Phospholipids and sphingolipids are the major structural lipids of membranes, and their synthesis, degradation, and remodeling are tightly regulated. Beyond their structural roles, these lipids also function as signaling molecules and precursors for second messengers.

Glycerophospholipid Synthesis

Glycerophospholipid synthesis occurs primarily in the endoplasmic reticulum. The pathway begins with the formation of phosphatidic acid from glycerol-3-phosphate and two fatty acyl-CoA molecules. Phosphatidic acid is converted to diacylglycerol by phosphatidate phosphatase, and diacylglycerol is then activated by CDP-diacylglycerol or reacted with CDP-choline or CDP-ethanolamine to form the major phospholipid classes.

Phosphatidylcholine, the most abundant phospholipid, is synthesized via the CDP-choline pathway. Choline is phosphorylated by choline kinase, then activated by CTP-phosphocholine cytidylyltransferase, and finally transferred to diacylglycerol by choline phosphotransferase. Phosphatidylethanolamine is synthesized analogously via the CDP-ethanolamine pathway or by decarboxylation of phosphatidylserine.
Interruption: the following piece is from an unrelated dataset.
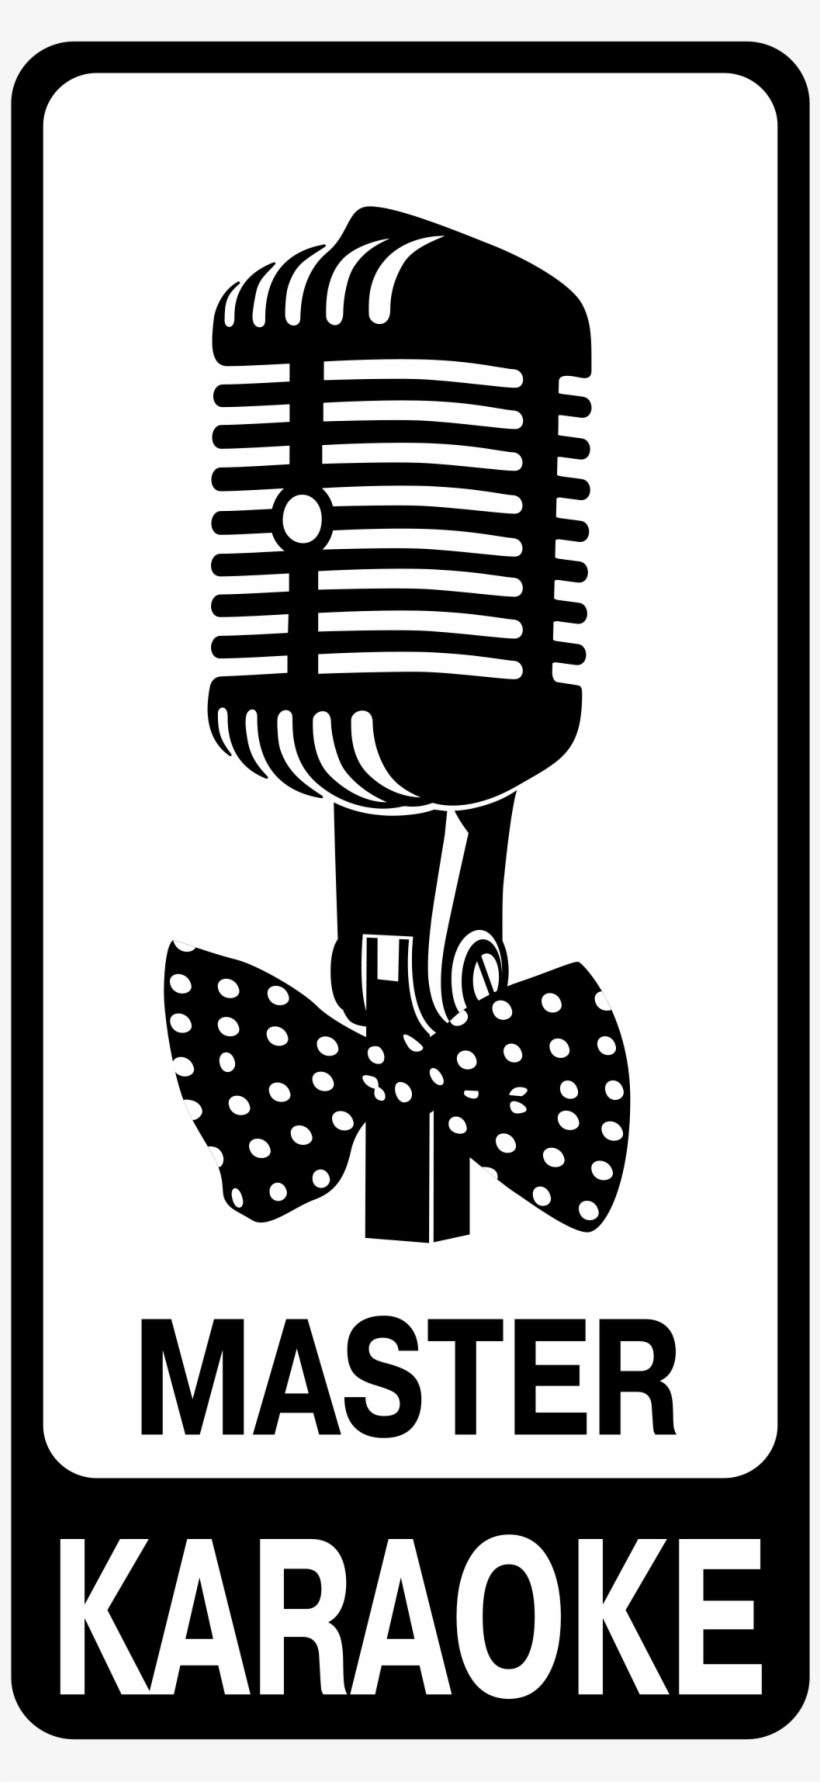 Master Karaoke Logo Png Transparent - Karaoke Master Logo, transparent png #1028968
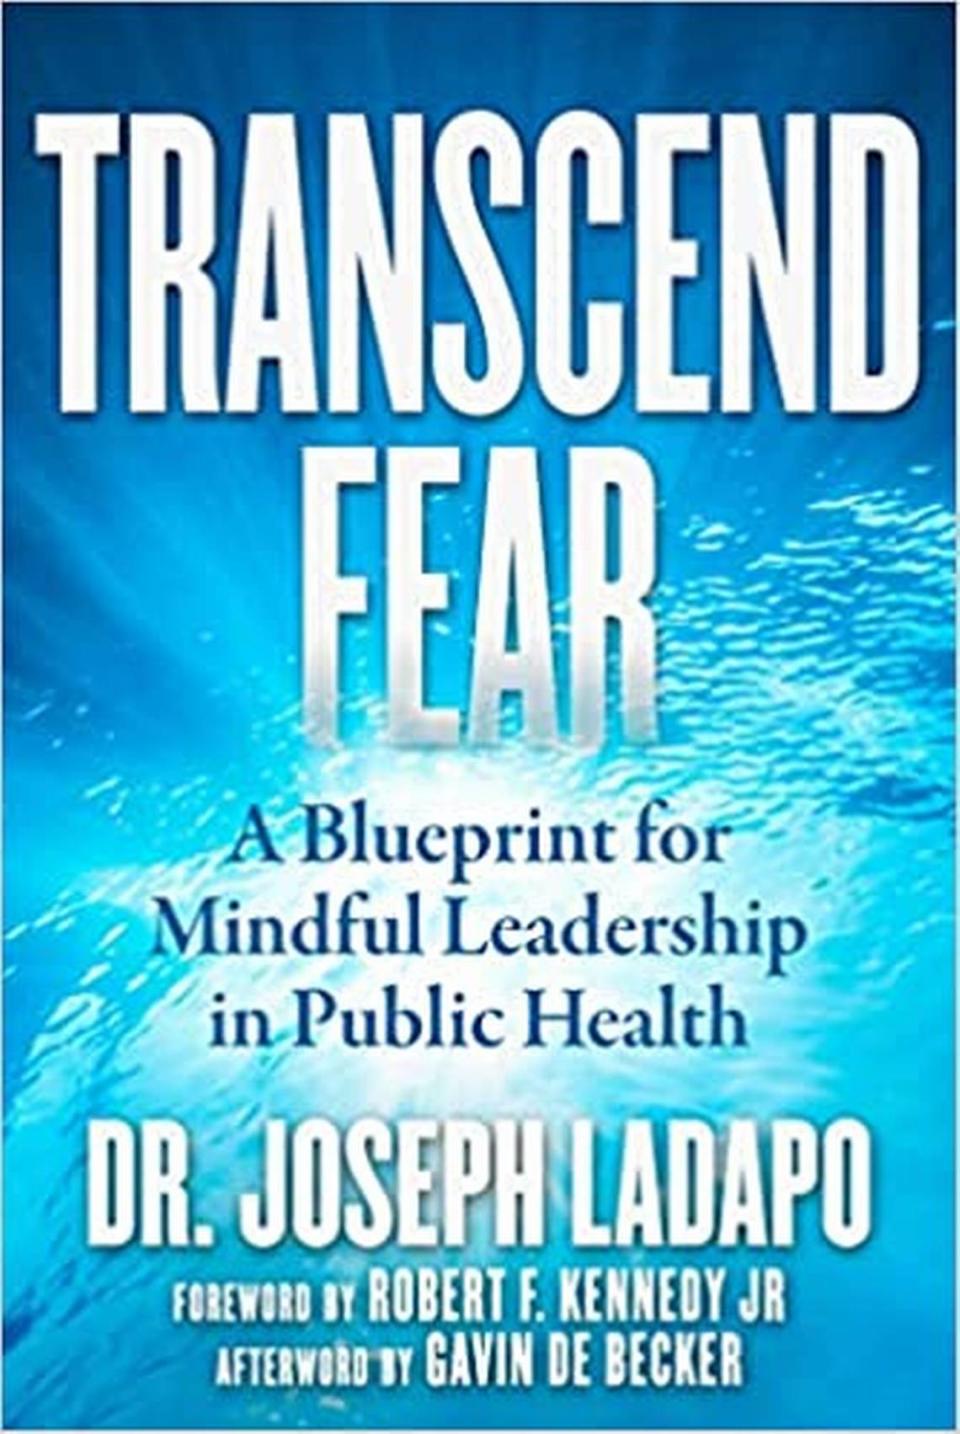 La autobiografía del Dr. Joseph Ladapo, secretario de Salubridad de la Florida.

Phosphatidylserine is formed by a base-exchange reaction that replaces the head group of phosphatidylcholine or phosphatidylethanolamine with serine. Phosphatidylinositol is synthesized from CDP-diacylglycerol and inositol.

Sphingolipid Synthesis

Sphingolipid synthesis begins in the ER with the condensation of palmitoyl-CoA and serine to form 3-ketosphinganine, catalyzed by serine palmitoyltransferase. This is the rate-limiting step. 3-Ketosphinganine is reduced to sphinganine, which is then acylated with a fatty acyl-CoA to form dihydroceramide. Introduction of a double bond produces ceramide.

Ceramide is the central hub of sphingolipid metabolism. It is converted to sphingomyelin by the addition of phosphocholine from phosphatidylcholine, catalyzed by sphingomyelin synthase in the Golgi. Glycosphingolipids are formed by the addition of sugar residues to ceramide. Glucosylceramide is the simplest glycosphingolipid, and further glycosylation produces complex gangliosides.

Phospholipid Degradation

Phospholipases are a diverse family of enzymes that hydrolyze phospholipids at specific ester bonds. Phospholipase A1 cleaves the sn-1 fatty acid, while phospholipase A2 cleaves the sn-2 fatty acid, releasing a free fatty acid and lysophospholipid. Arachidonic acid released by phospholipase A2 serves as the precursor for eicosanoids. Both products are themselves bioactive or can be further metabolized. Phospholipase C cleaves the phosphodiester bond, generating diacylglycerol and a phosphorylated head group. Phospholipase D hydrolyzes the terminal phosphate ester, producing phosphatidic acid and the free head group.

Sphingolipid Degradation

Sphingolipid degradation occurs in lysosomes through the sequential action of specific hydrolases. Sphingomyelin is cleaved by sphingomyelinase to produce ceramide and phosphocholine. Ceramide is further broken down by ceramidase to sphingosine and a free fatty acid.

Defects in sphingolipid degradation cause lysosomal storage diseases. Niemann-Pick disease results from sphingomyelinase deficiency, causing accumulation of sphingomyelin. Gaucher disease, the most common lysosomal storage disease, is caused by glucocerebrosidase deficiency. Tay-Sachs disease results from hexosaminidase A deficiency, leading to accumulation of GM2 ganglioside. Fabry disease involves alpha-galactosidase A deficiency, and Krabbe disease results from galactocerebrosidase deficiency.

Signaling Roles

Phosphatidylinositol is phosphorylated at specific positions on the inositol ring to generate phosphoinositides. Phosphatidylinositol 4,5-bisphosphate is cleaved by phospholipase C to produce the second messengers inositol trisphosphate and diacylglycerol. Phosphatidylinositol 3,4,5-trisphosphate, generated by PI3-kinase, recruits signaling proteins to the plasma membrane.

Sphingolipid metabolites are also potent signaling molecules. Ceramide promotes apoptosis and cell cycle arrest. Sphingosine-1-phosphate stimulates cell proliferation, survival, and migration through specific G protein-coupled receptors. The balance between ceramide and sphingosine-1-phosphate is thought to determine cell fate decisions.